Menu

Web Configuration

Overview

Web Crawling Configuration page manages configurations for Web crawling.

Management Operations

Display Configurations

Select Crawler > Web in the left menu to display a list page of Web Crawling Configuration, as below.

image0

Click a configuration name if you want to edit it.

Create Configuration

Click Create New button to display a form page for Web crawling configuration.

image1

Configurations

Name

Configuration name.

URLs

This URLs are locations to start crawling.

Included URLs For Crawling

This regular expression(Java Format) is allowed URL patterns for Fess crawler.

Excluded URLs For Crawling

This regular expression(Java Format) is rejected URL patterns for Fess crawler.

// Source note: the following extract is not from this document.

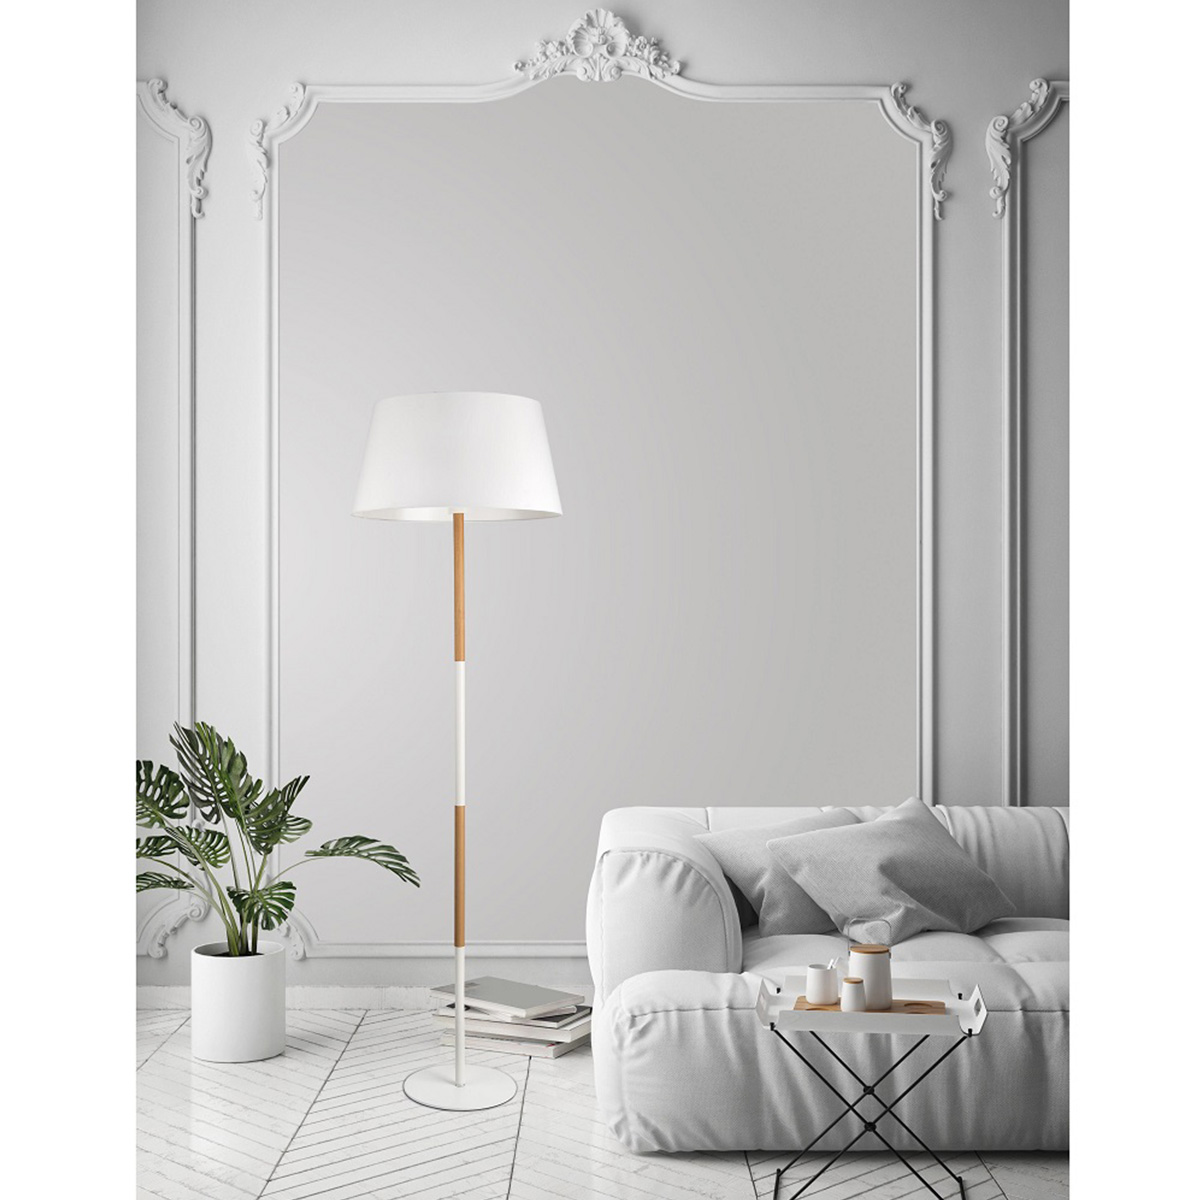 Podna lampa ARRIGO 7605184

Included URLs For Indexing

This regular expression(Java Format) is allowed URL patterns for Fess indexer.

Excluded URLs For Indexing

This regular expression(Java Format) is rejected URL patterns for Fess indexer.

Config parameters

You can specify the crawl configuration information.

Depth

The number of linked URLs.

Max Access Count

The number of indexed URLs.

User Agent

Name of Fess crawler.

The number of Thread

The number of crawler threads for this configuration.

Interval time

Interval time to crawl URLs for each thread.

Boost

Boost value is a weight for indexed documents of this configuration.

Permissions

Permissions for this configuration. This format is “{user/group/role}name”. For example, to display search results on users who belong to developer group, the permission is {group}developer.

Virtual Hosts

Virtual Host keys for this configuration. e.g. fess (if setting Host:fess.codelibs.org=fess in General)

Status

If enabled, the scheduled job of Default Crawler includes this configuration.

Description

Comments for this configuration.

Delete Configuration

Click a configuration on a list page, and click Delete button to display a confirmation dialog. Click Delete button to delete the configuration.

Example

Crawling Fess Site

If you want to create Web crawling configuration to crawl pages under https://fess.codelibs.org/, parameters are:

Name Value
Name Fess
URLs https://fess.codelibs.org/
Included URLs For Crawling https://fess.codelibs.org/.*

For other parameters, use a default value.

Crawling Protected Site

Fess supports BASIC/DIGEST/NTLM/FORM authentication. For the authentication information, you can configure it on Web Authentication page.

Redmine

To crawl Redmine pages (ex. https://<server>/) with password protection, create a setting on Web Config page as below:

Name Value
Name Redmine
URLs https://<server>/my/page
Included URLs For Crawling https://<server>/.*
Config Parameters client.robotsTxtEnabled=false (Optional)

and then create the authentication setting on Web Auth page:

Name Value
Scheme Form
Username (Account for crawling)
Password (Password for the account)
Parameters
encoding=UTF-8
token_method=GET
token_url=https://<server>/login
token_pattern=name=”authenticity_token”[^>]+value=”([^”]+)”
token_name=authenticity_token
login_method=POST
login_url=https://<server>/login
login_parameters=username=${username}&password=${password}
Web Config Redmine

XWiki

To crawl XWiki pages (ex. https://<server>/xwiki/), Web Crawling setting is:

Name Value
Name XWiki
URLs https://<server>/xwiki/bin/view/Main/
Included URLs For Crawling https://<server>/.*
Config Parameters client.robotsTxtEnabled=false (Optional)

and the authentication setting is:

Name Value
Scheme Form
Username (Account for crawling)
Password (Password for the account)
Parameters
encoding=UTF-8
token_method=GET
token_url=http://<server>/xwiki/bin/login/XWiki/XWikiLogin
token_pattern=name=”form_token” +value=”([^”]+)”
token_name=form_token
login_method=POST
login_url=http://<server>/xwiki/bin/loginsubmit/XWiki/XWikiLogin
login_parameters=j_username=${username}&j_password=${password}
Web Config XWiki